DES MOINES, IOWA (March 19, 2025) — Iowa House Republicans passed a number of bills through the full House to reform Iowa’s higher education system, refocusing it on providing quality education to students and preparing the state’s workforce.
Representative Taylor Collins (R-Mediapolis) was tasked with leading the House’s Higher Education Committee, a new committee formed this session to take a comprehensive look at Iowa’s higher-education system.
“Our higher-education system is facing critical issues from out-of-control costs to a lack of intellectual diversity on campus,” Rep Collins said. “We’ve done great work over the past two years in ridding identity politics from our state’s public universities and instead embracing intellectual diversity, but a holistic look at the crises facing our higher education system and the state’s workforce needs was long overdue.”
The Higher Education Committee got straight to work on that review, passing out a total of sixteen bills to control costs, increase transparency, reform core curriculum, increase civics proficiency, and ensure academic programs align with the state’s workforce needs.
Today, Iowa House Republicans passed the following bills through the full Iowa House, sending the bills to the Senate for consideration.
House File 269 — Freedom from Indoctrination Act: Ensures that no student is forced to take courses promoting ideological activism, such as critical-race theory or diversity, equity, and inclusion as a condition of obtaining a degree while protecting the academic freedom of faculty from mandatory infusions of DEI-related course content.
House File 401 — Core Curriculum Act: Establishes undergraduate general education requirements across Iowa’s regent universities, requiring specific credit hours in English, Mathematics, natural sciences, social sciences, humanities, Western heritage, and American heritage. Also, the bill mandates that core curriculum courses do not distort historical events or promote identity politics.
House File 295 — Accreditation Autonomy Act: Allows the universities or the attorney general to sue an accreditor if an accreditor forces a university to violate state law to maintain their accreditation status.
House File 437 — Center for Intellectual Freedom Act: Establishes a Center for Intellectual Freedom at the University of Iowa to conduct teaching and research in the historical ideas, traditions, and texts that have shaped the American constitutional order and society.
The center will coordinate with the Center for Cyclone Civics at Iowa State, and the Center for Civic Education at the University of Northern Iowa to enable shared course offerings. The center will first offer a course in American History and Civil Government that will be available to all three regent universities, building on the strong social studies standards that House Republicans established at the K-12 level last year. The center is also charged with increasing the intellectual diversity of the university’s academic community and fostering civic engagement among university students and faculty.
House File 440 — College Affordability Act: Contains several provisions to control the cost of college for students.
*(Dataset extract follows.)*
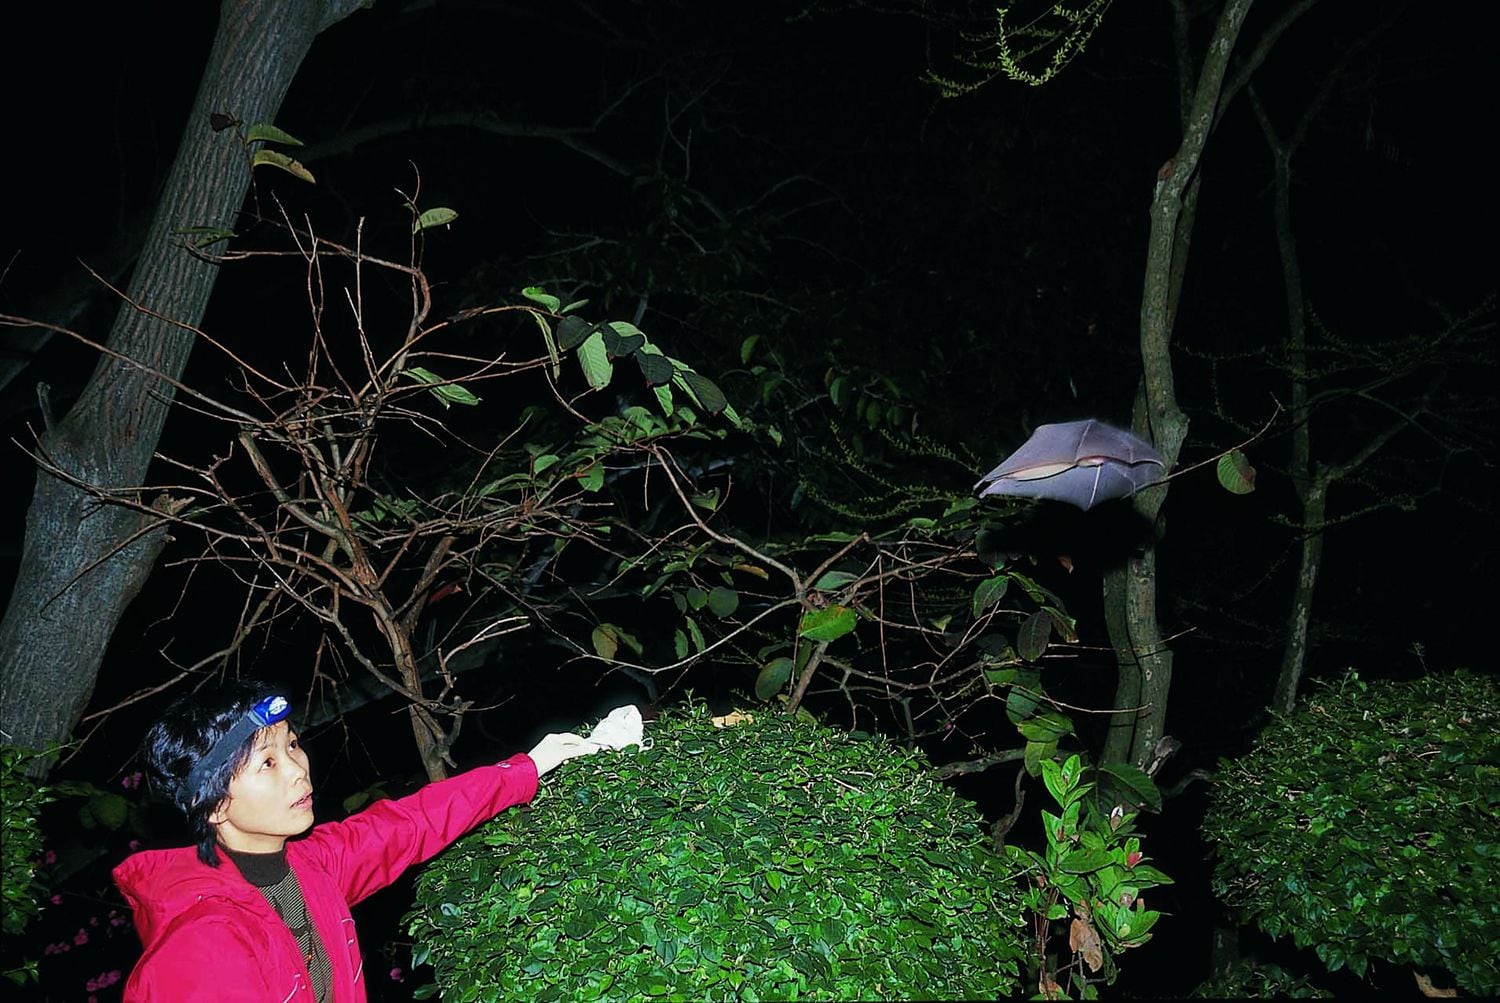 La viróloga Shi Zhengli libera un murciélago de una cueva china tras sacarle sangre, en 2004.

- Requires tuition rates for each academic year to be set on or before April 30th of each year before the beginning of each academic year, ensuring that, as students enroll for college each spring, they know the tuition price they will be paying that fall.
- Directs each regent university to offer at least one Work-Study program where a student earns their degree while working part-time and getting their tuition paid by the employer.
- Directs each regent university to offer at least one three-year Bachelor's Degree.
- Directs the Board of Regents to conduct a feasibility study on establishing a tuition guarantee, where a freshman who begins college cannot be charged a higher-tuition rate than they started with in their freshman year.
House File 856 - Replacing DEI with MEI (Merit, Excellence and Intelligence): Roots out DEI from community colleges and private institutions accepting tax-payer funding through the Iowa Tuition Grant.
In addition to these legislative proposals passing through the Iowa House, the House Higher Education Committee has secured additional policy wins through negotiations with the Board of Regents.
The Board of Regents has agreed to conduct a full review of all academic programs at each regent university to determine their alignment with the state’s workforce needs and will adopt an official board policy ensuring annual tuition increases for resident undergraduate students do not exceed a three-year rolling average of the higher-education price index. They have also agreed to adopt additional transparency measures — including for course syllabuses and university finances that passed through the Higher Education committee as board policy.
“We appreciate the Board of Regents’ continued cooperation and response to these important policies advanced by the Higher Education Committee,” said Rep Collins.